Sometimes, if I destroy a ship that has thousands of tiny blocks, I'll shoot at it with my main weapons. Not to drop scrap, but to destroy as many blocks as possible quickly to try to get turrets and systems to drop.
The other time it can be worth it is with fighters. Set a carrier with 120 salvage fighters in a scrapyard, or have it follow one jump behind your main ship. In this case the objective is the loot drops, since mining fighters are a faster way to get resources.
But also just automate your salvage ship. They're not perfect but it's way better than doing it yourself. It's downright satisfying with a large carrier.
Are you saying it's worthwhile, material-wise (given that salvaged material is twice as voluminous as mined material) to equip a high power direct fire salvage turret and look for the armored spots? I have noticed that certain parts of a craft yield a lot of scrap while others... don't. What you're describing sounds like a surgical removal of high value areas identified by armor plating and ignoring the rest (making direct fire salvage turrets the way to go in lieu of autofire).
How do you tell which parts are armored?
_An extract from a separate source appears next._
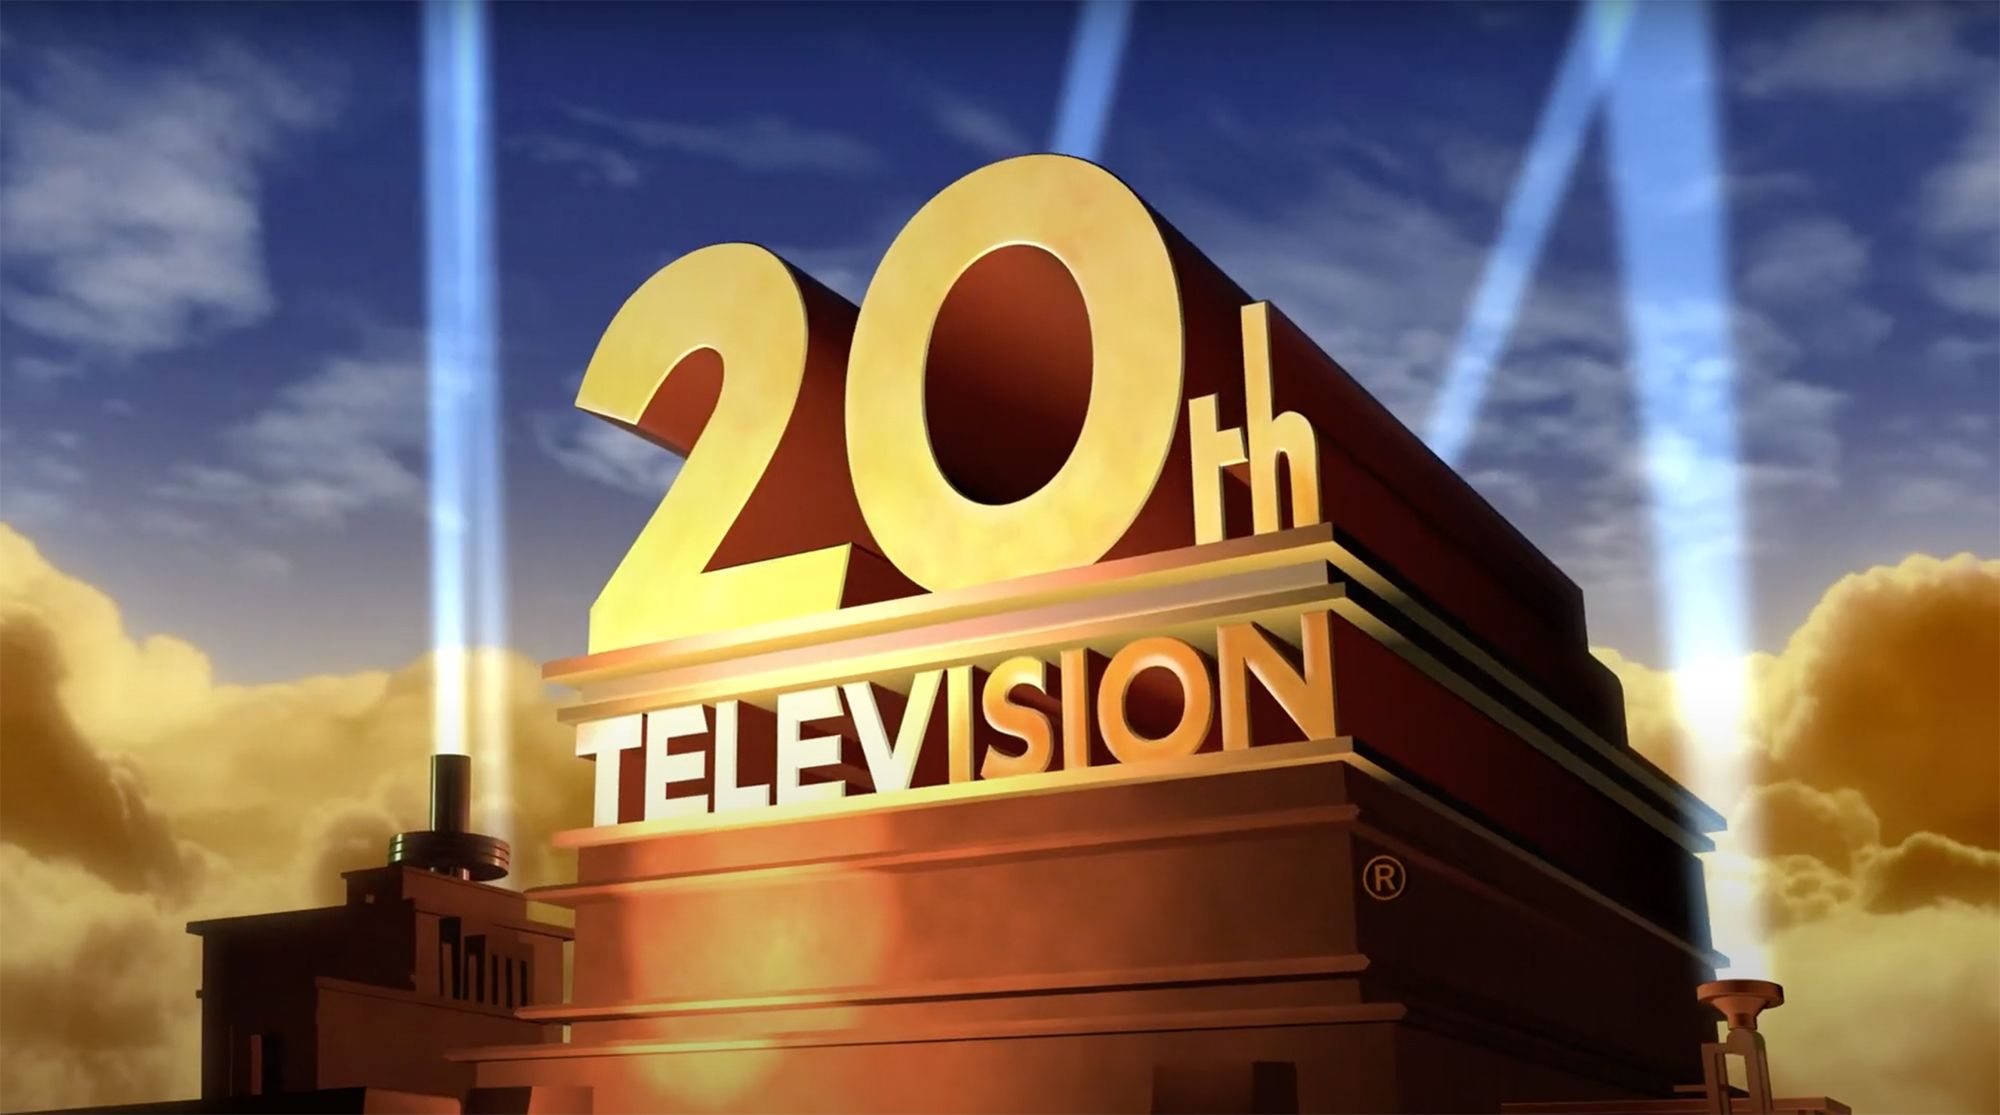 The 20th Century Fox logo transitions into the Cartoon Network logo 
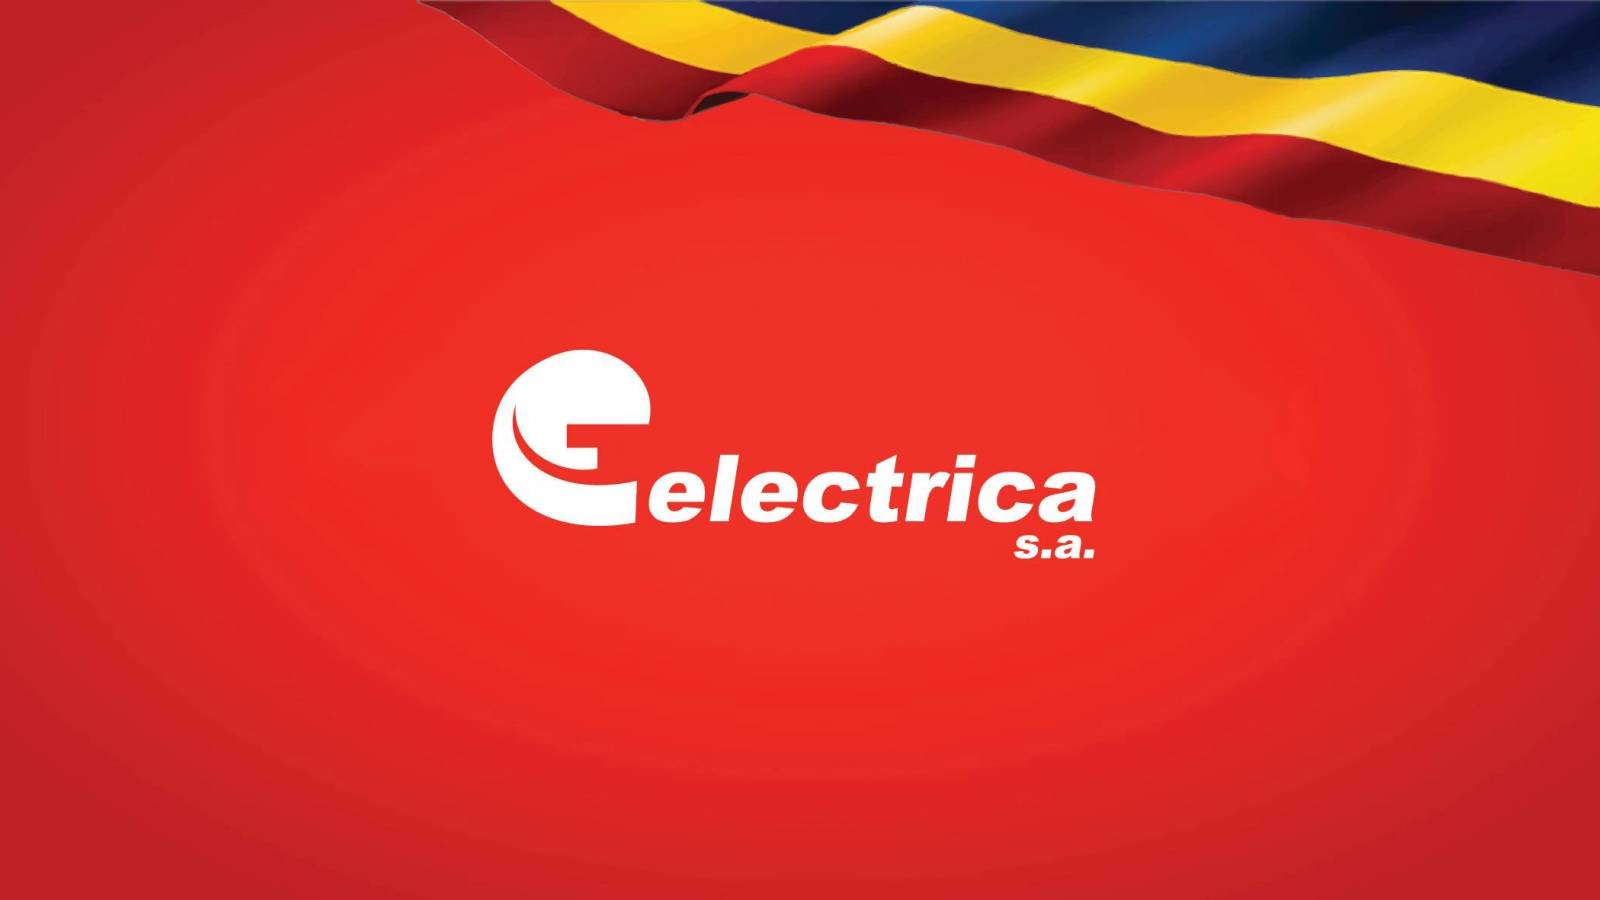 Electrica Clarificarile Oficiale ULTIM MOMENT Puse ATENTIA Clientilor Romania

On my own ship, the armor has a sort of camouflage pattern to it, but this isn't immediately apparent on the wrecks (maybe because the camo makes it hard to see? >:D). Target the bulkier spots? I'll try that
Going to use my server hardware for a mature game. Ergo, not Avorion
You could go even more automation and captain a salvage based ship and direct it to battlefields once the fighting dies down.
I tried manually salvaging once but lost interest, just like mining having a captain ship do it for me feels "right".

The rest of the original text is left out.